**Exercise requirements:** Print a faithful copy of the data below, word for word, with the pictures left out.

**Supplied data:**
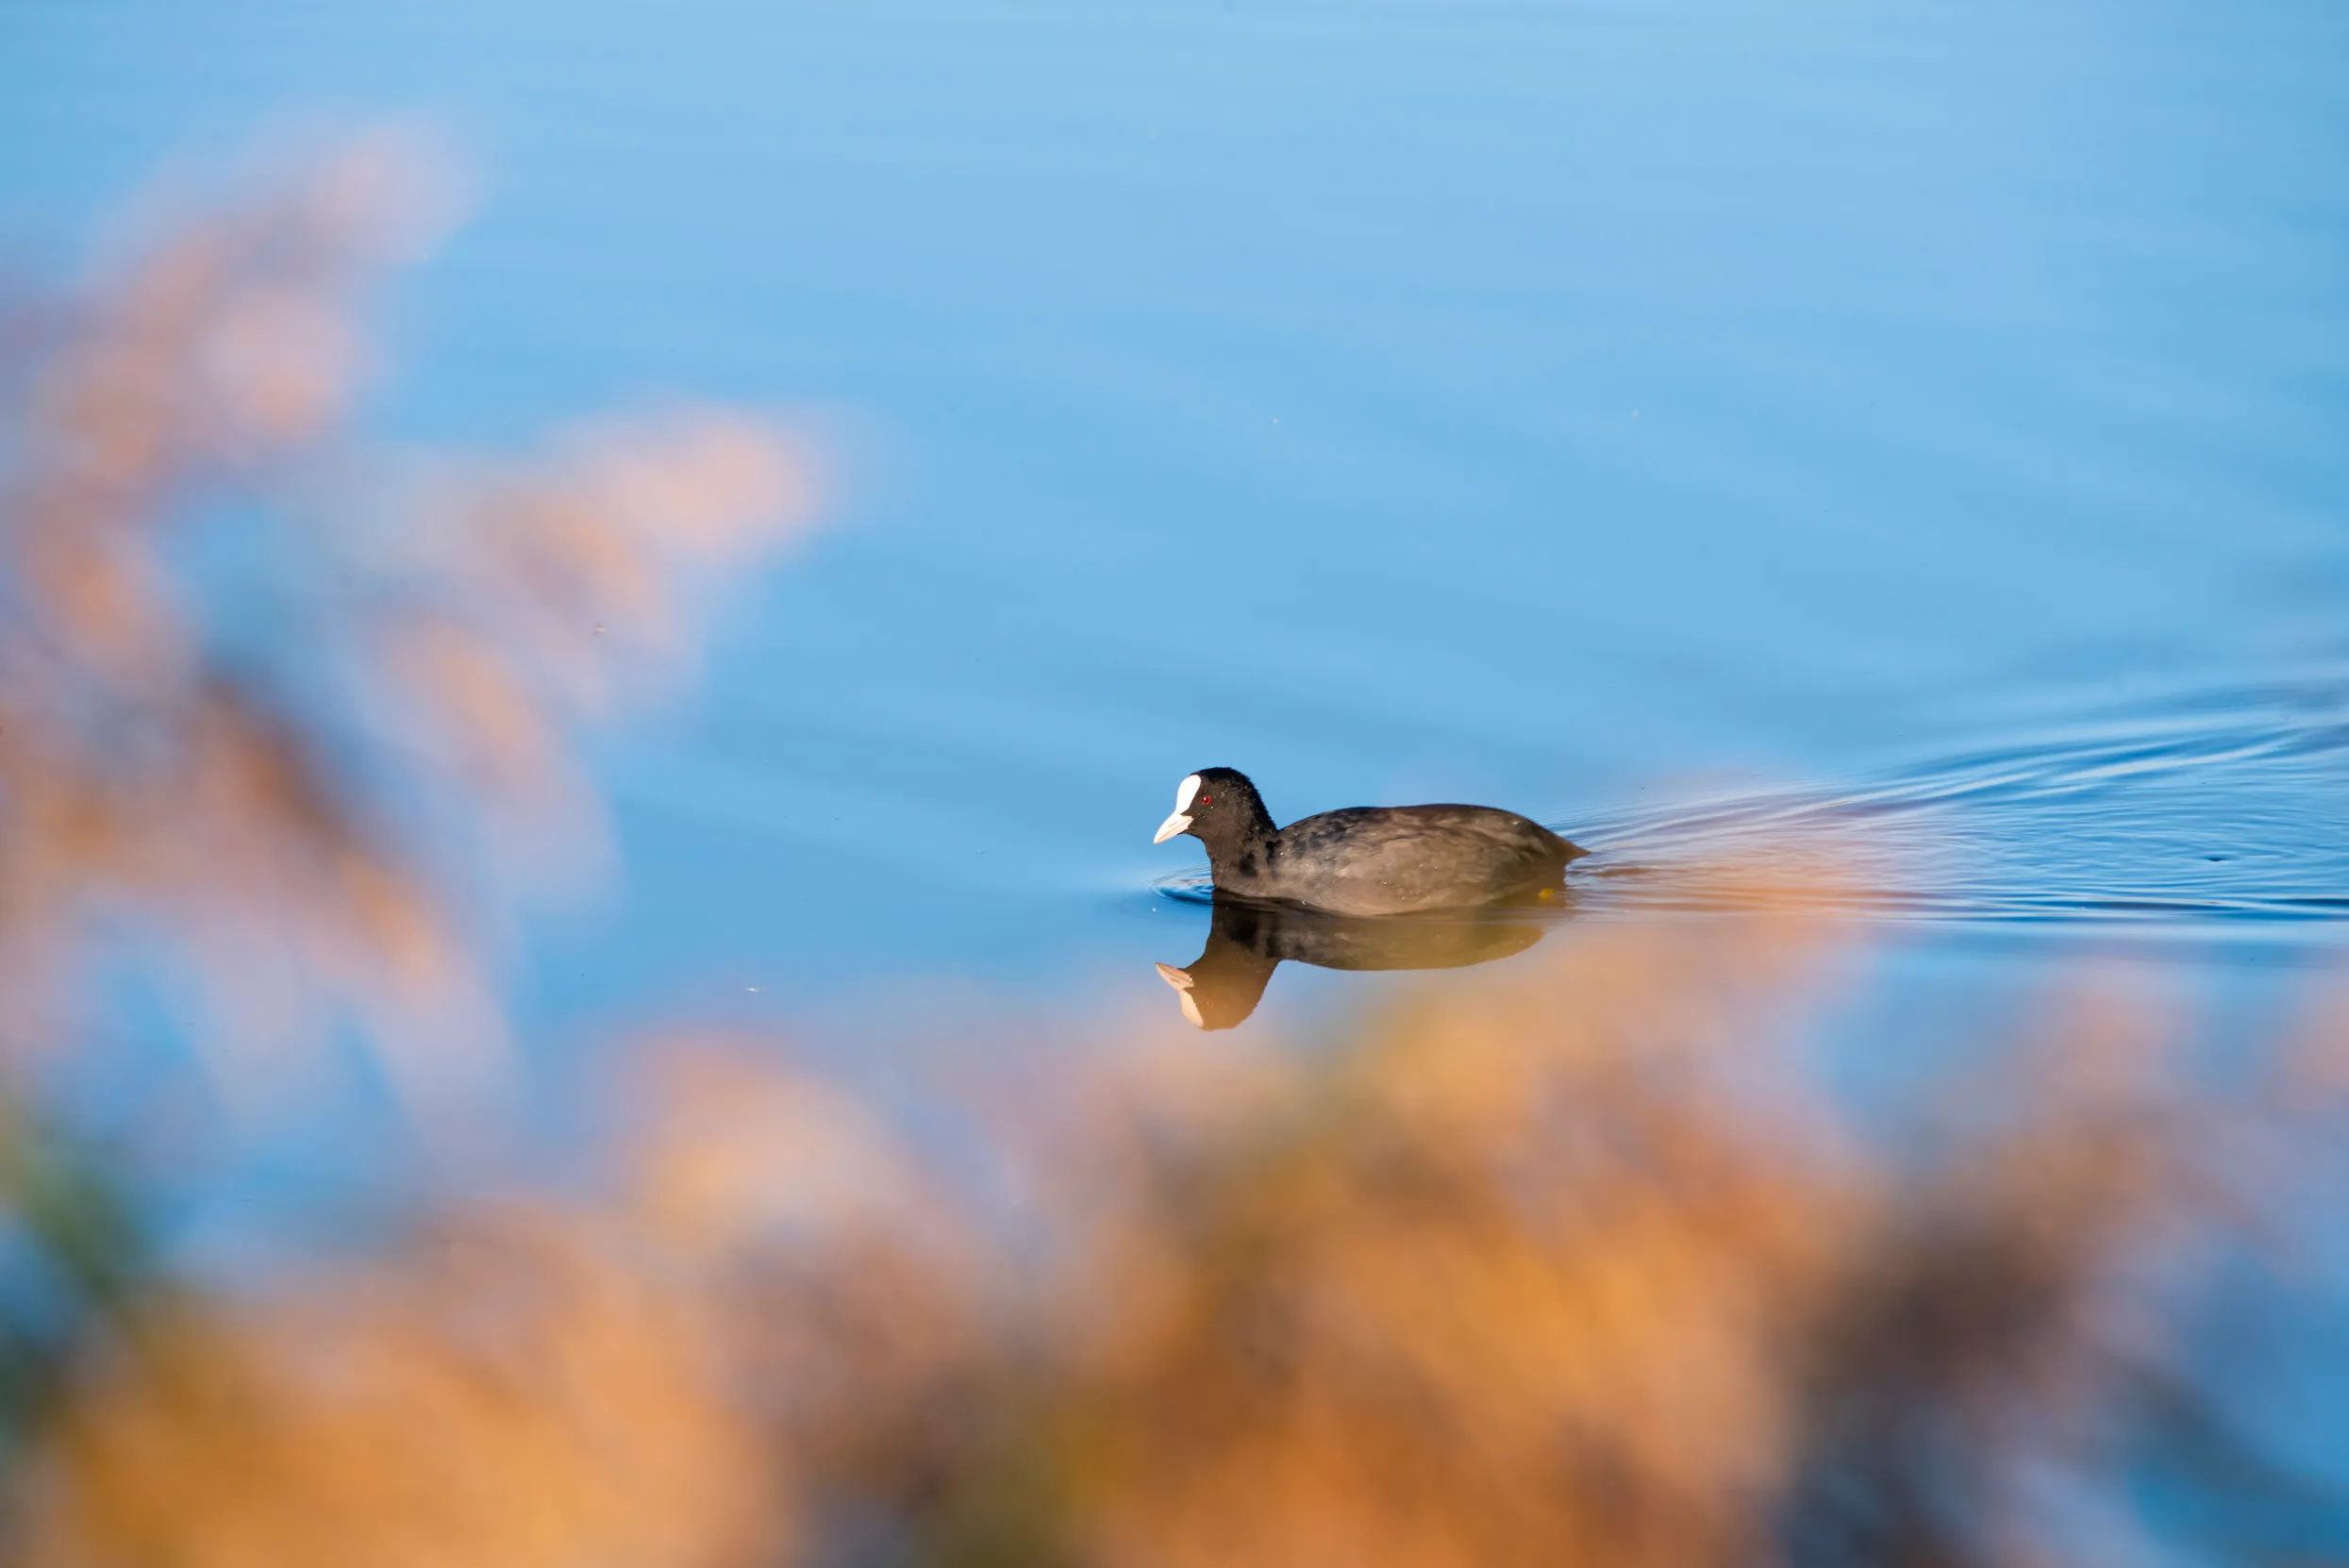 Lone Coot swimming through calm water, with blurry golden leaves in the foreground  
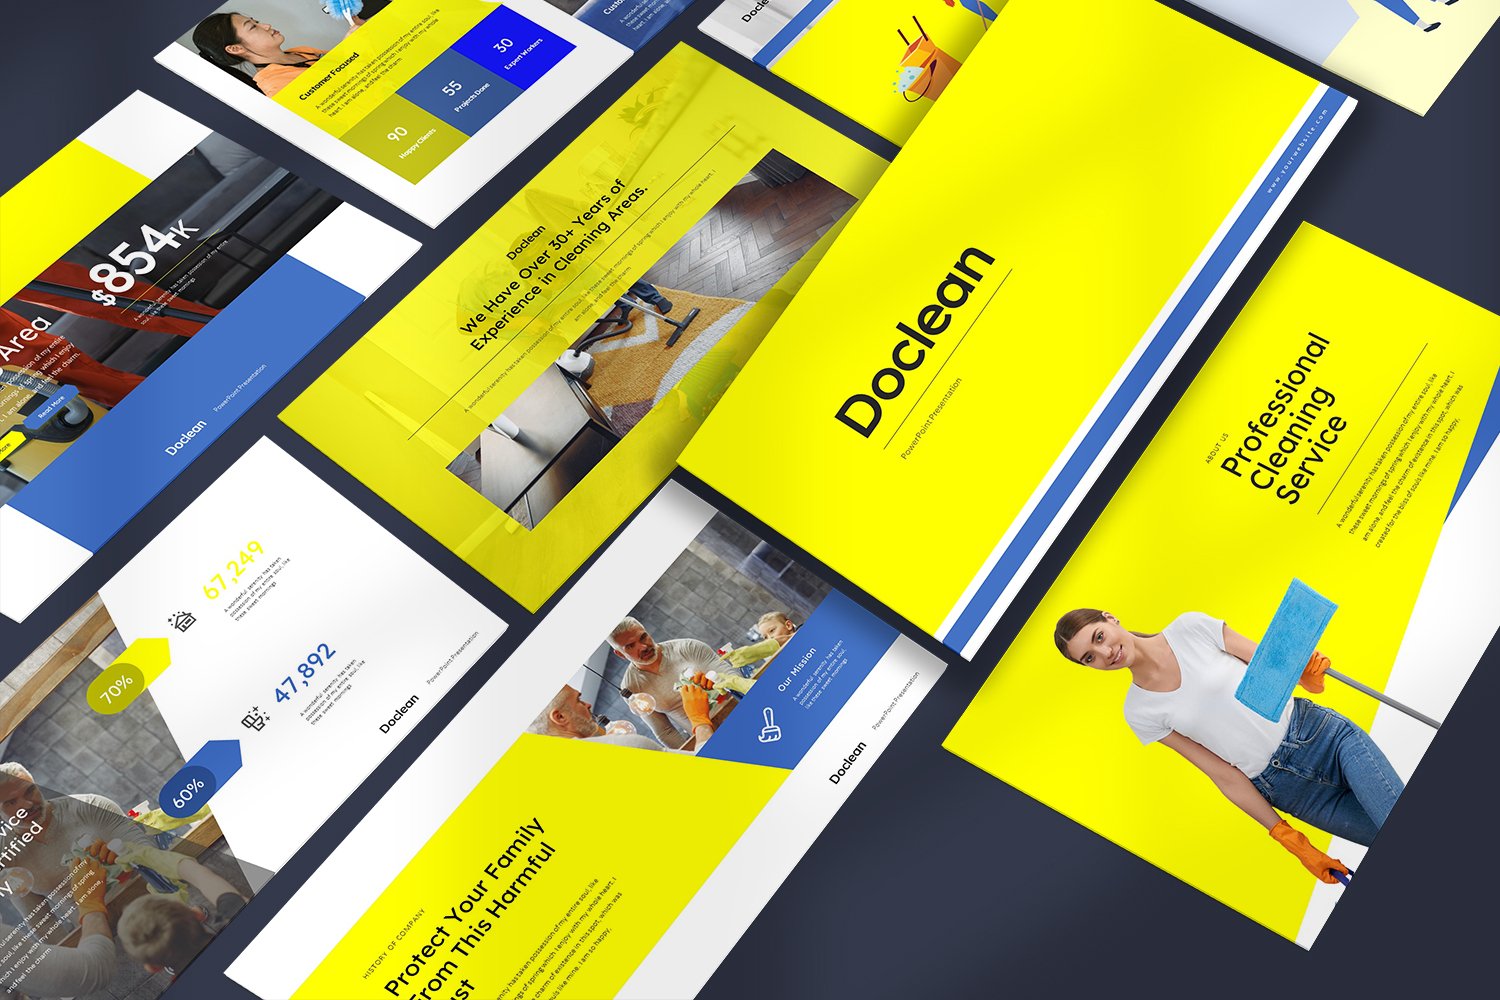 Doclean Powerpoint Presentation cover image.
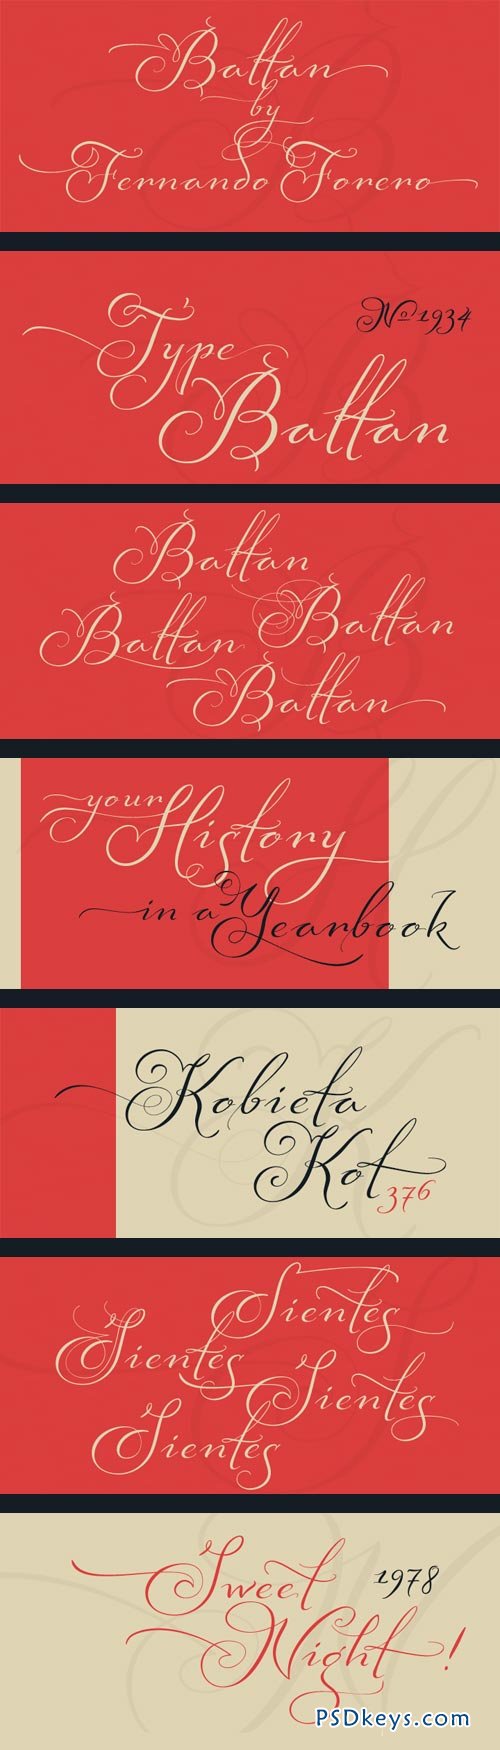 Baltan Font Family - 8 Fonts for $156

**Answer to the exercise:**
 Lone Coot swimming through calm water, with blurry golden leaves in the foreground  
 Doclean Powerpoint Presentation cover image.
 Baltan Font Family - 8 Fonts for $156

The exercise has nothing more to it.